(Data extract begins)

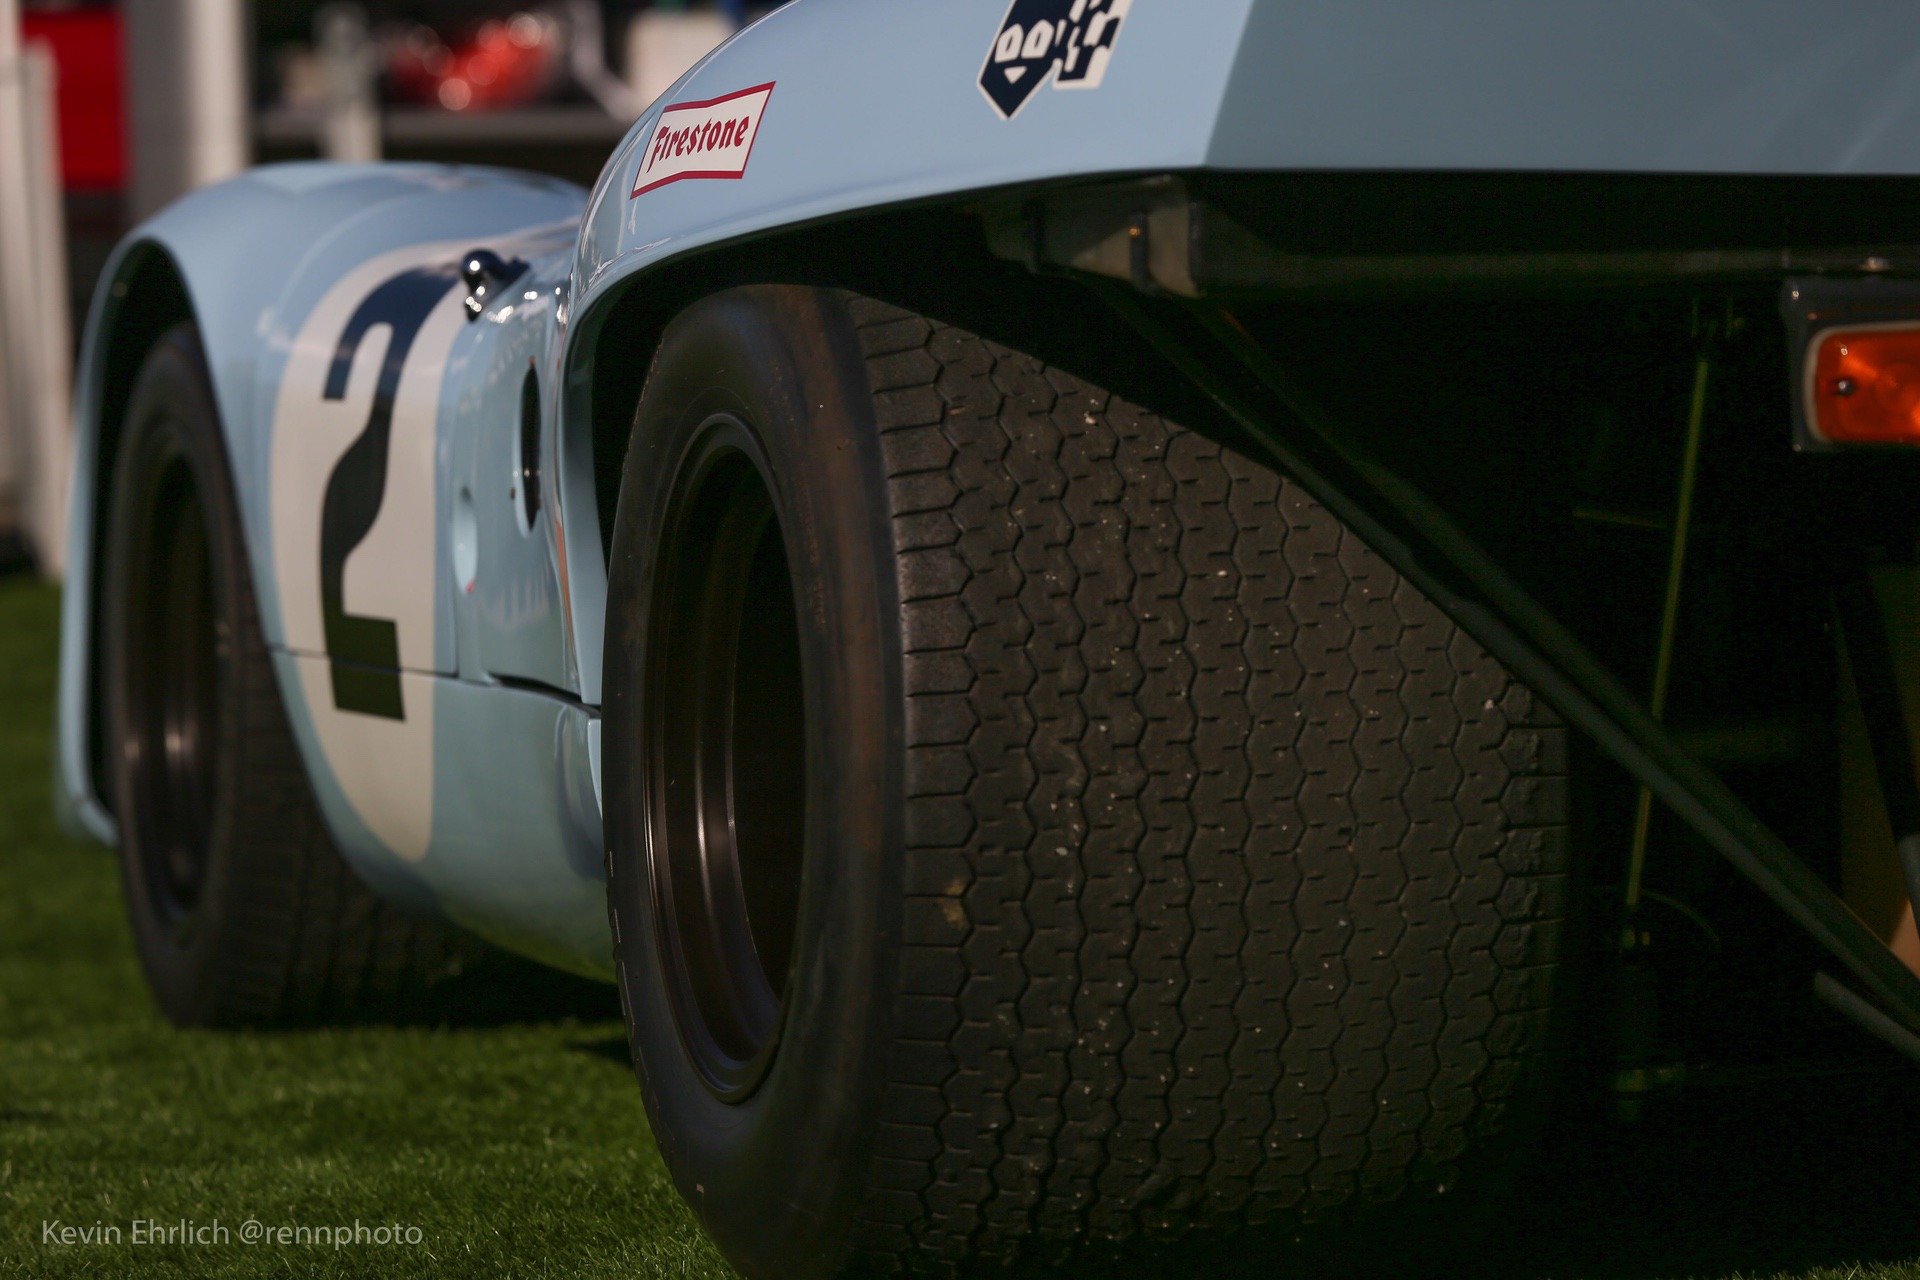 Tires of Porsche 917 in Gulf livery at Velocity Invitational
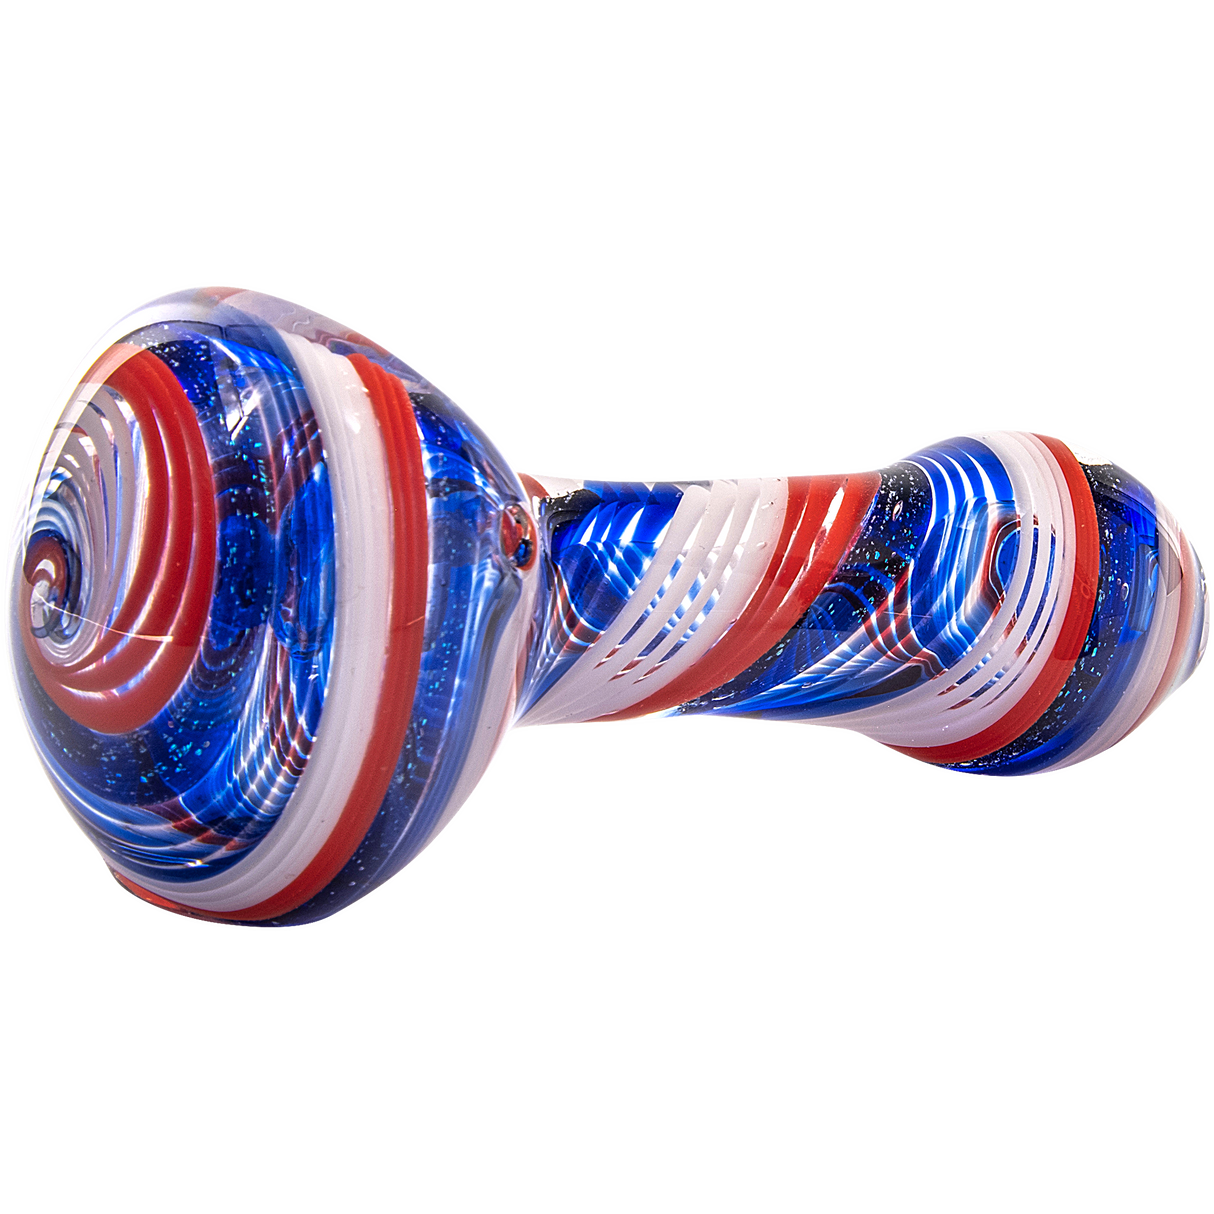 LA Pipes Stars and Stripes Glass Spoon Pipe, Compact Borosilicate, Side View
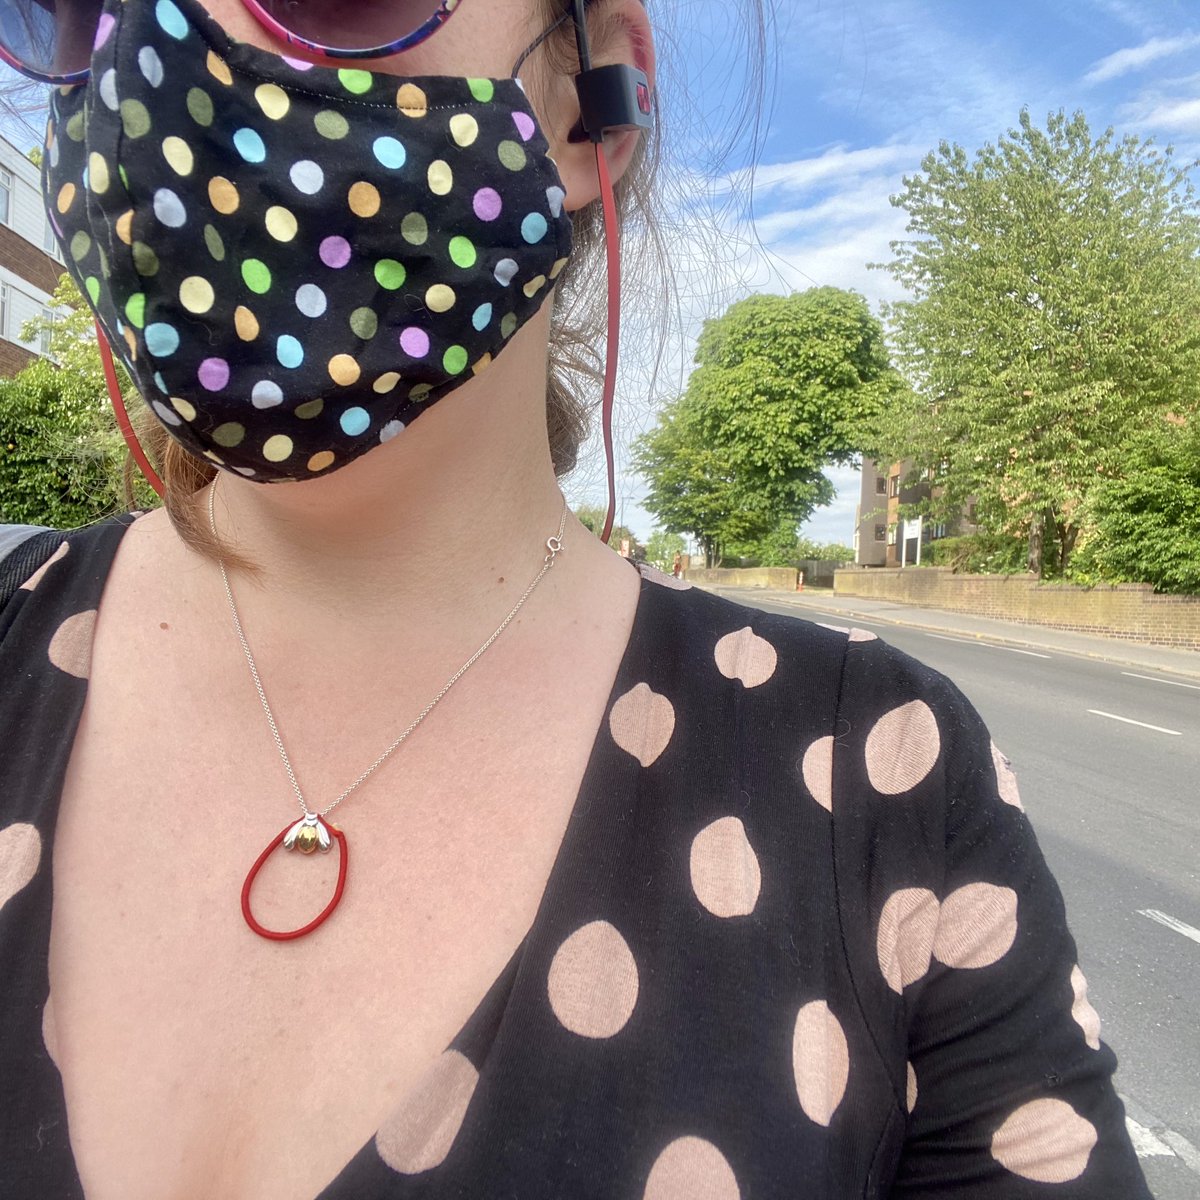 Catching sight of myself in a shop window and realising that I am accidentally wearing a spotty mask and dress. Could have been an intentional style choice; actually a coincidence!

(Data extract ends)

Brief.
The listing above is to be set down word for word, without its images.

The answer.
 Tires of Porsche 917 in Gulf livery at Velocity Invitational
 LA Pipes Stars and Stripes Glass Spoon Pipe, Compact Borosilicate, Side View
 Catching sight of myself in a shop window and realising that I am accidentally wearing a spotty mask and dress. Could have been an intentional style choice; actually a coincidence!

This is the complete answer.